Saramago nos miraba

En la vida profesional de todo periodista hay momentos que jamás se olvidan. Y la muerte del escritor José Saramago en junio de 2010 es una de esas noticias que te cogen de lleno y jamás te abandonan. La primera vez que entré en la biblioteca personal de Saramago en su casa de Tías fue precisamente el día de su fallecimiento momentos antes de que se abriera al público su capilla ardiente.
 
Y allí estábamos los periodistas junto a su ataúd por el que veíamos, a través de un cristal, el semblante serio del Premio Nobel de Literario. Solo se oían los clicks de las cámaras fotográficas que se apresuraban a inmortalizar ese momento histórico. Me acerqué en varias ocasiones para escudriñar el interior del ataúd con la intención de encontrar algún detalle para incluir en mi crónica. 
Recuerdo que toqué algunos de esos libros con miedo a que alguien me pudiera llamar la atención
 
Era una situación muy extraña. En mi caso me movía entre el respeto que se merecía Saramago y la necesidad de realizar mi trabajo sin prácticamente ninguna cortapisa. Miraba la exquisita colección de libros, imaginaba los momentos íntimos del escritor sentado en su mesa escribiendo algunas de sus novelas o simplemente paseando en busca de la inspiración. Como un cirujano analizaba cada uno de los elementos que había sobre el escritorio, esperando encontrar un mensaje oculto o gastado por el tiempo.
 
Profanábamos la tumba del escritor, que al igual que los reyes egipcios, estaba rodeado de sus bienes más preciados: sus libros. Una cámara secreta que ahora los periodistas dábamos a conocer al mundo. Recuerdo que toqué algunos de esos libros con miedo a que alguien me pudiera llamar la atención. Pero nadie nos vigilaba. O sí.
 
Todavía sigo viendo a Saramago en ese ataúd. Pero nunca he tenido ninguna pesadilla. Ahora que escribo este artículo, diez años después, tengo la impresión de que nos estaba mirando. No sé si tendría ganas de pegarnos un grito para que lo dejásemos descansar en paz o más bien se estaba aguantando la risa de vernos danzando sobre su tumba. Me gustaría creer que se lo estaba pasando bien. Observando a esos seres desconocidos revoloteando por su santuario, aunque ligeramente preocupado por si a alguno de nosotros se le ocurría romper parte de su preciado tesoro.
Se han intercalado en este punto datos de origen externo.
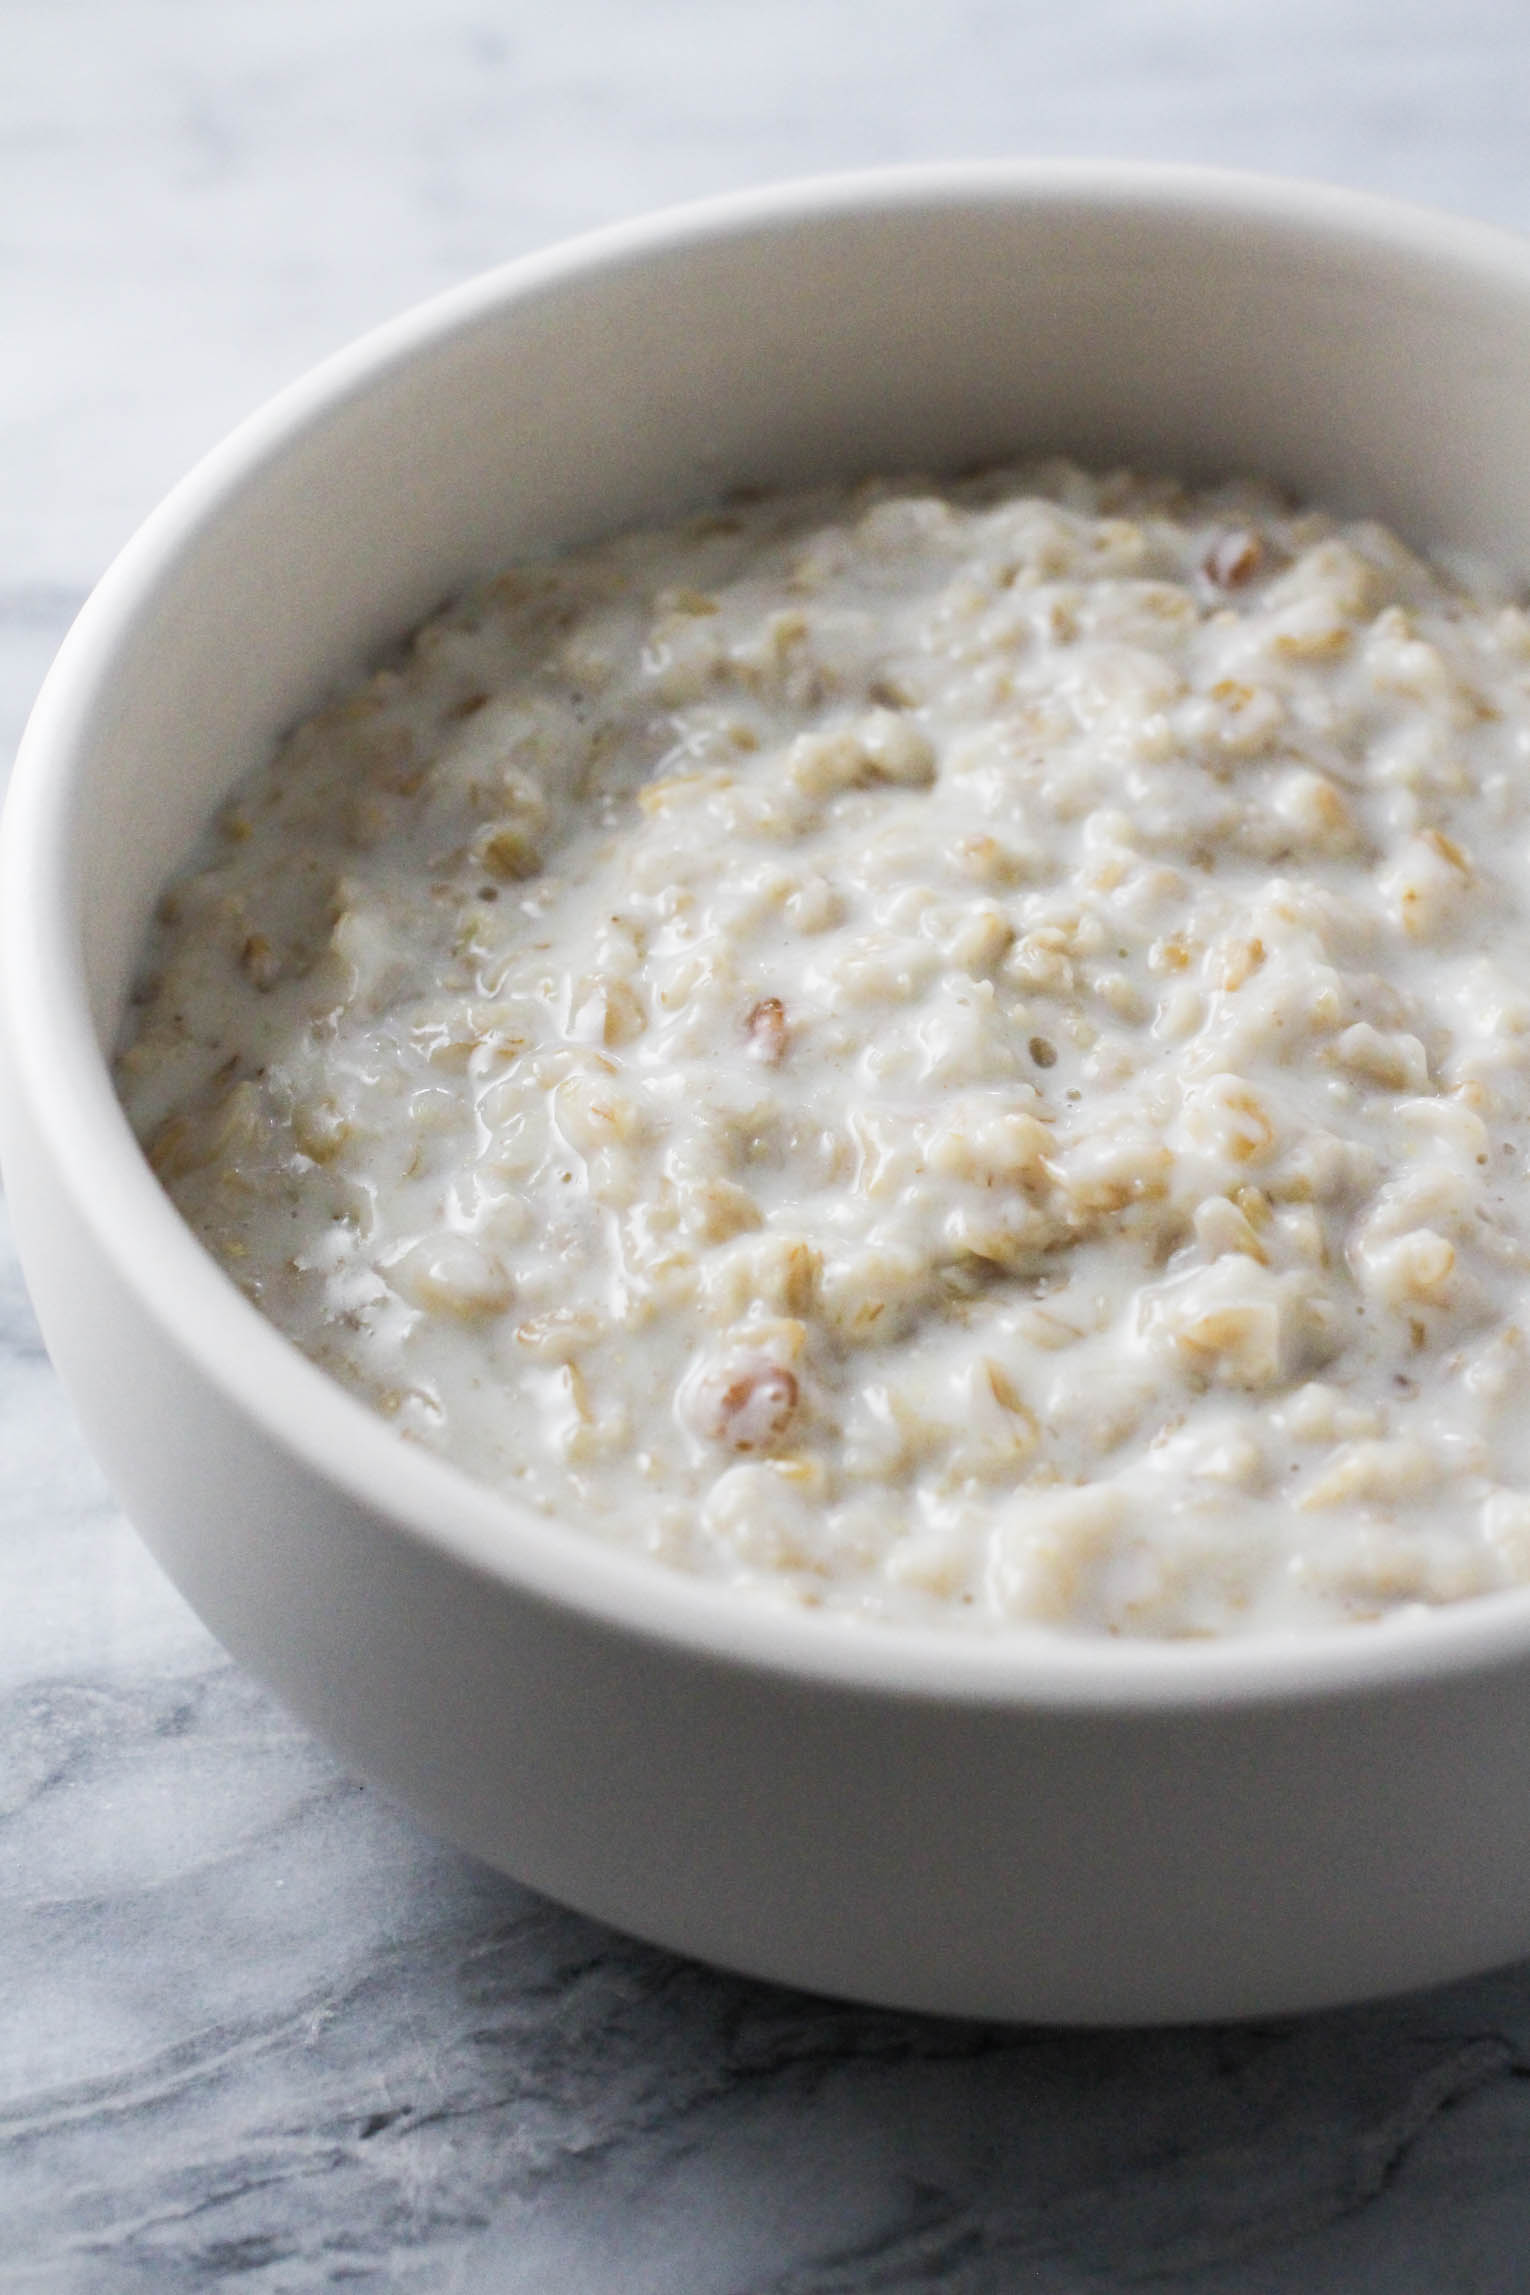 Creamy oatmeal in a bowl standing on marble background.
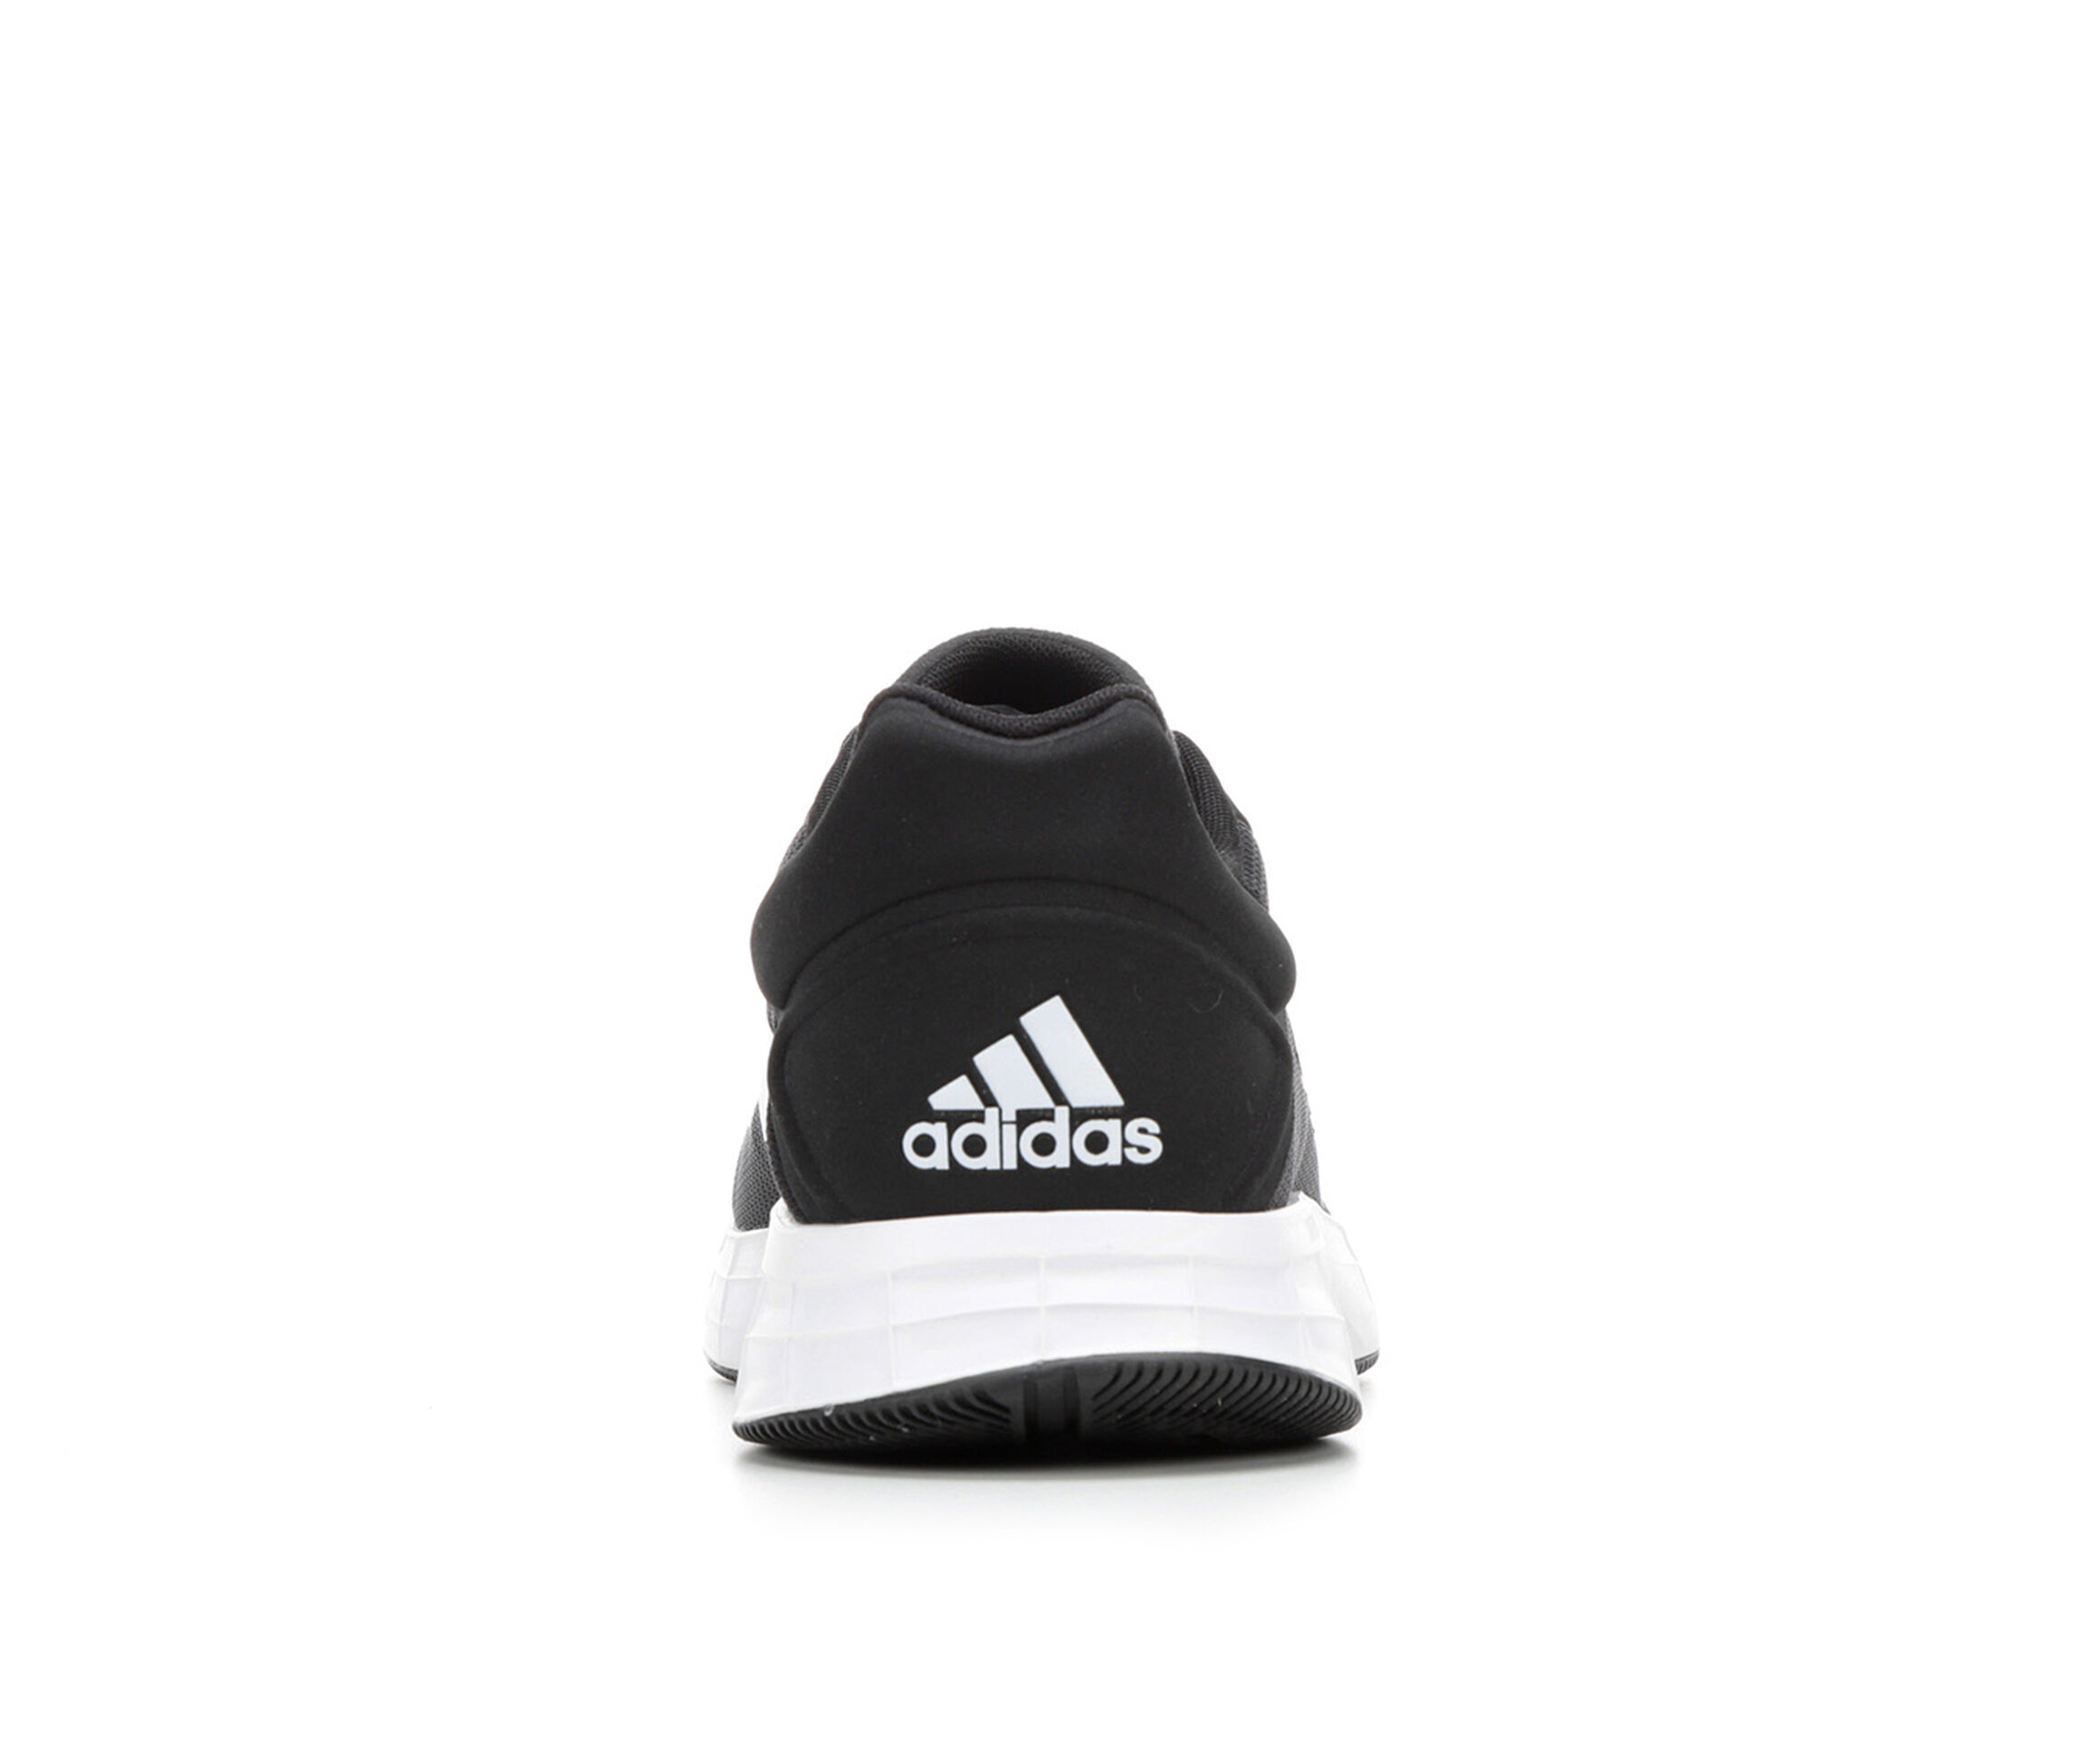 Adidas Shoes, Sneakers & Accessories | Shoe Carnival

“La vida no es sino una promesa de ceniza”, escribía Saramago
 
Y cuando los clicks y los bolígrafos de los periodistas terminaron de hacer su trabajo abandonamos la sala que pronto iba a recibir a los vecinos de Lanzarote que quisieron darle el último adiós. No sé si entre ellos estaba el taxista que un día camino del aeropuerto a su casa le recordó que cuando tenía 10 años labró con un camello la tierra donde se levanta su residencia, convertida ahora en un museo. 
 
“La vida no es sino una promesa de ceniza”, escribía Saramago. Y en Lanzarote la literatura del agricultor de palabras sembró miles de ellas que luego fueron arrojadas a la atmósfera en minúsculas partículas de cenizas de la lava de los volcanes que tanto amó. 
 
Antes de irme corriendo a la redacción para escribir el reportaje tuve tiempo de firmar en el libro de condolencias que se colocó a la salida de la biblioteca. “Gracias”, escribí.